Comment. Three quick replies. (1) For a defense of Google Library's opt-out policy, see my article in this week's SOAN. (2) The analogy to personal photos and diaries is very bad. We don't make them hoping to bring them to the largest possible audience. We don't hope to make money from them. We don't welcome free advertising for their contents. But book authors do all of these things. (3) Publishers who don't want to look "obstructive and mean-spirited" should stop using the false and grasping comparison of intellectual property to physical property. Physical property doesn't enter the public domain after a fixed term of years, and non-owners have no fair-use rights over it. Intellectual property is only quasi-property that every country on Earth treats very differently from physical property.

More on applying trade embargoes to science

John Miller, US societies reverse rules on Iranians, TheScientist, October 4, 2005. Excerpt:
Two American academic societies have reversed their policies toward Iranian scientists. One, the American Institute of Aeronautics and Astronautics (AIAA), has decided to no longer prohibit Iranian authors from publishing in its journals, while the American Concrete Institute (ACI) has decided to install a new ban barring Iranian students from taking part in an annual engineering competition they routinely enter each year....AIAA enacted the ban because the board feared it might be violating US embargo law....In September 2003, the U.S. Treasury Department's Office of Foreign Assets Control (OFAC) ruled that the little-known embargo law prohibited the Institute of Electrical and Electronics Engineers (IEEE) from editing manuscripts from all embargoed countries, leaving it with no choice but to publish them unedited or reject them.

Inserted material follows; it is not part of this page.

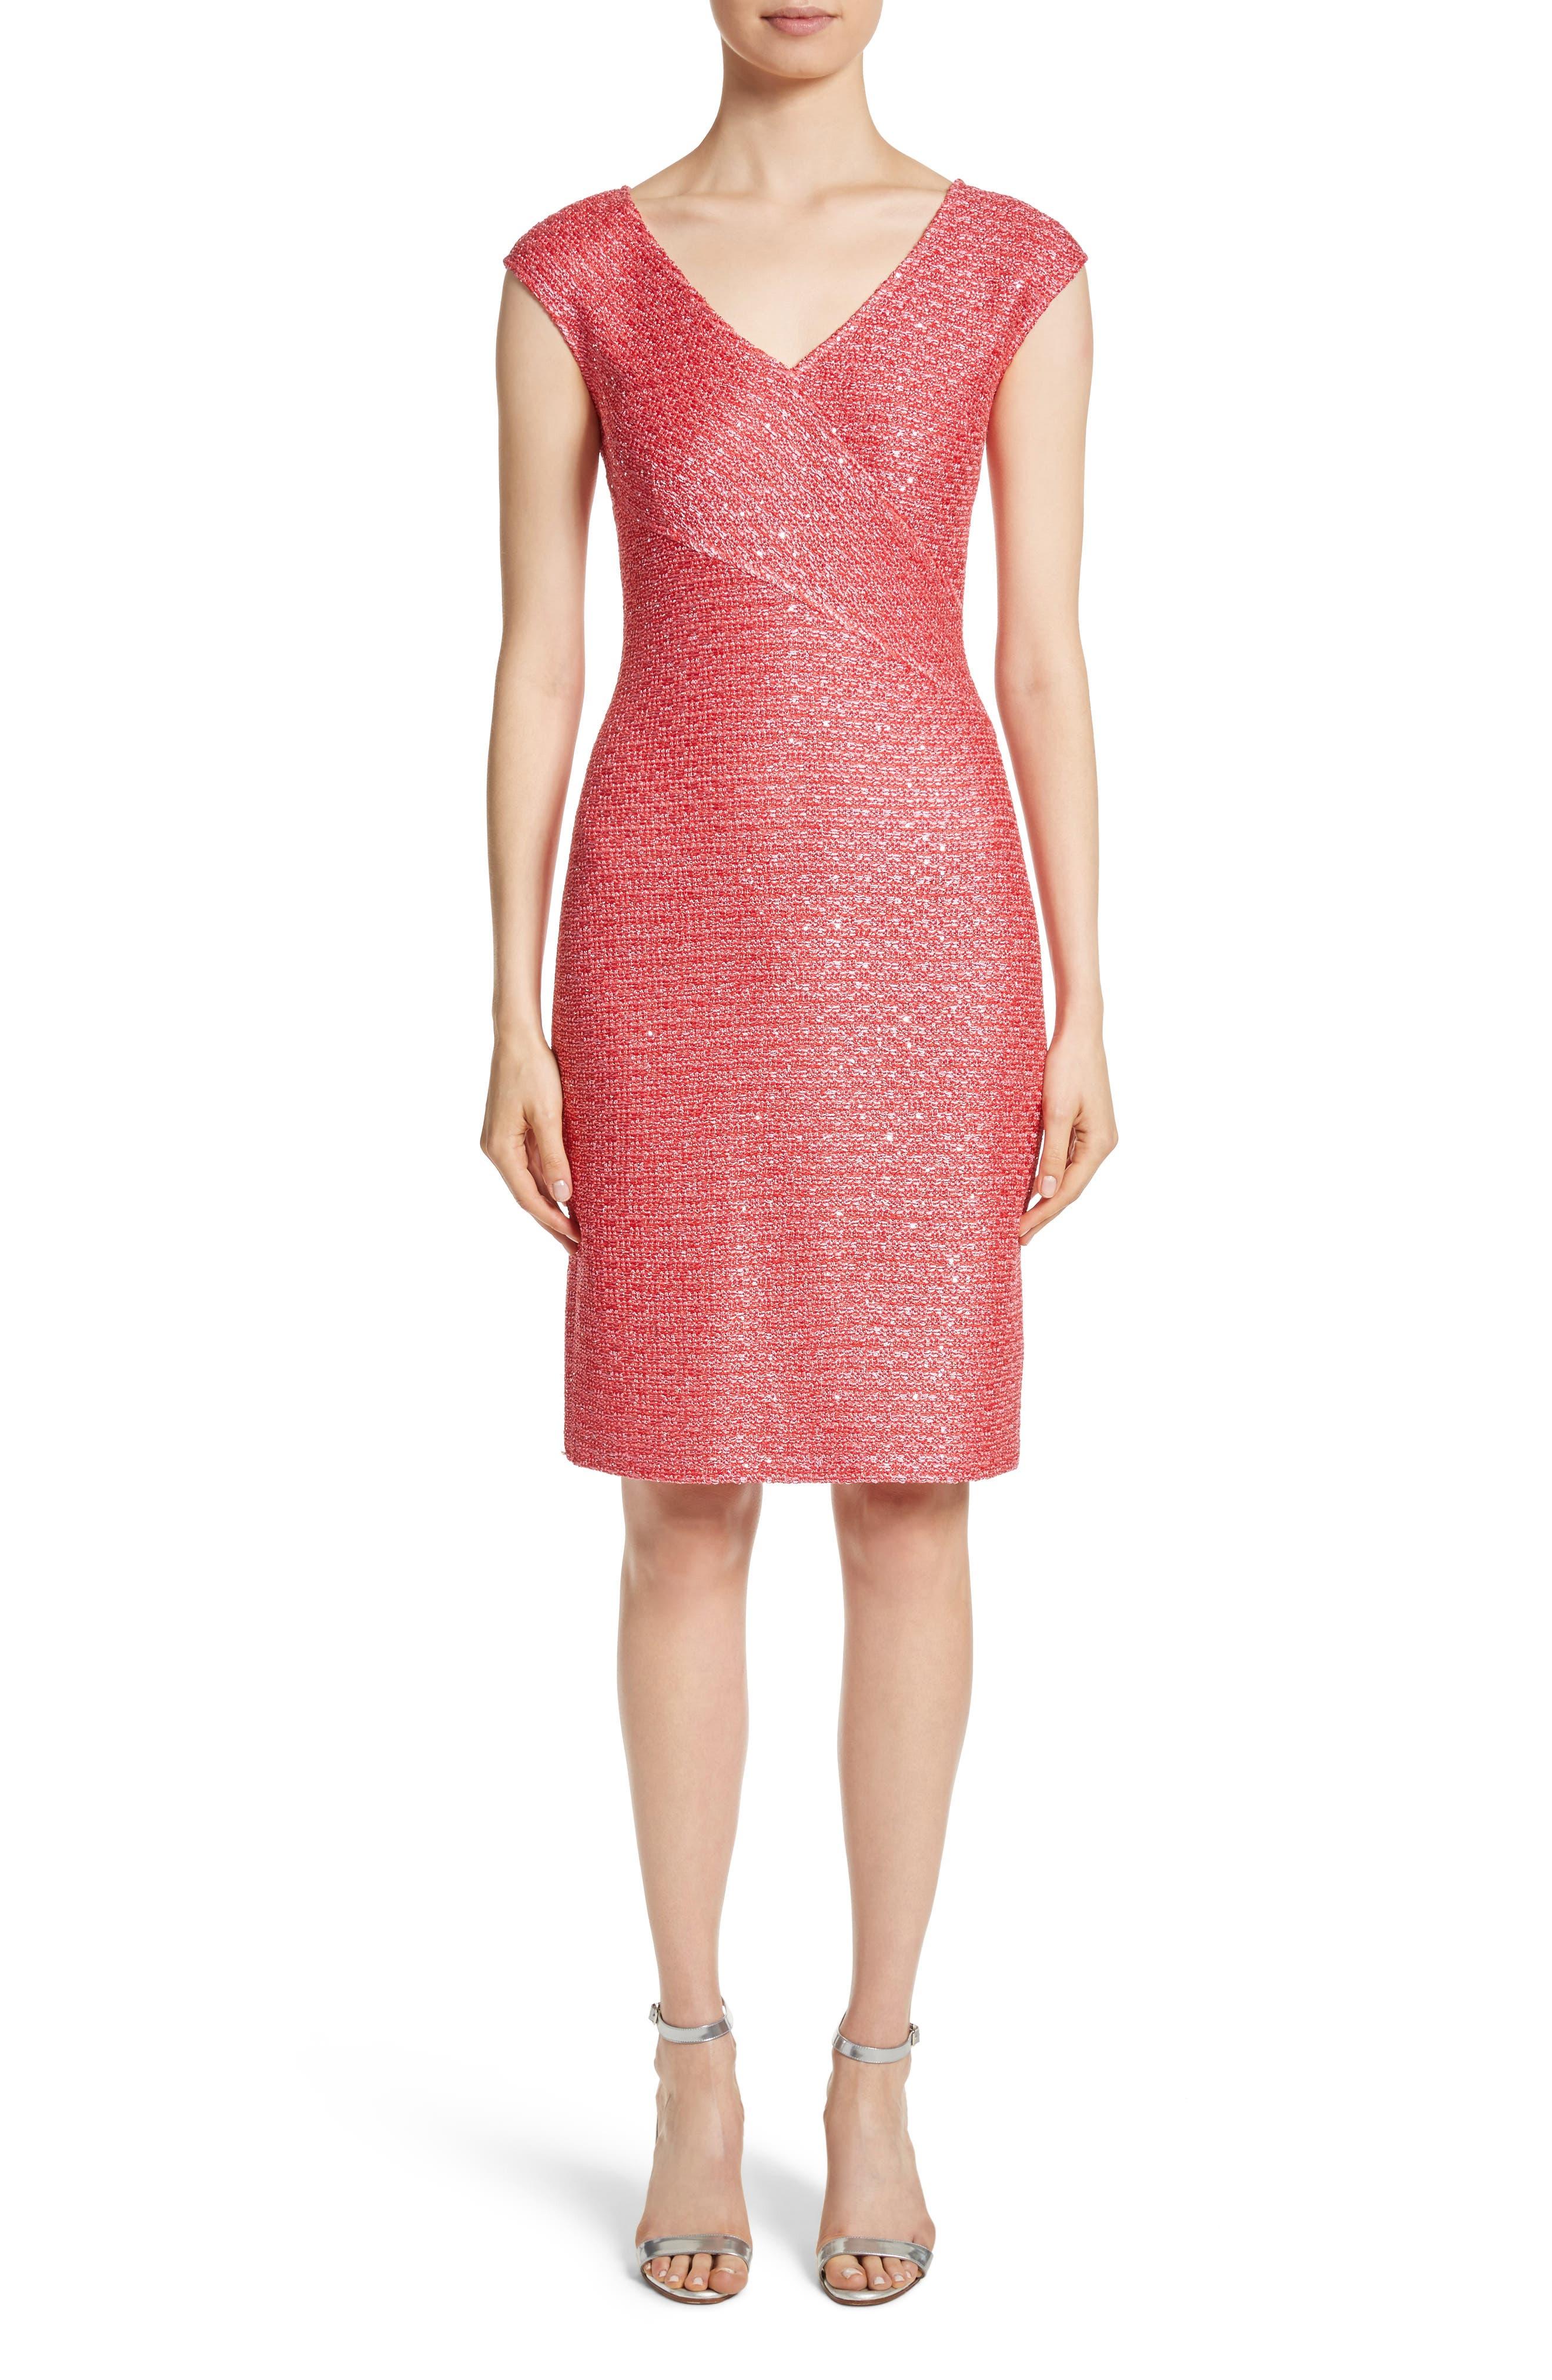 ST. JOHN COLLECTION Hansh Knit Dress, Main, color, 950

Subsequently, a few other scientific societies stopped publishing Iranians after the IEEE decision out of fear that OFAC would also charge them with a crime. A consortium of academic publishers and societies led by the Association of American Publishers pressed OFAC for over a year to drop the embargo, but to no avail. Last October, the consortium sued the agency, and last December, OFAC reversed its decision, granting a general license to all US publishers to edit and publish material from embargoed nations. Marc Brodsky, CEO of the American Institute of Physics and a central figure in the publishers' lawsuit, told The Scientist that OFAC's reversal means AIAA never needed to ban Iranian articles....Last January, the American Concrete Institute (ACI) decided to ban Iranian students from taking part in its annual international student engineering competition after OFAC ruled that certification courses ACI had been offering to Iranian professionals were illegal, because they provided a service. Students from Cuba and Sudan were also banned from the competition, although none have entered the contest, according to William Tolley, ACI'S executive vice president. Tolley told The Scientist that since his organization had never known it was violating OFAC's rules until the agency began investigating, it decided to temporarily exclude Iranian students from the competition while it asked OFAC whether their participation was legal. However, Tolley said he has written to OFAC four times—most recently in September-- and he still doesn't have an answer.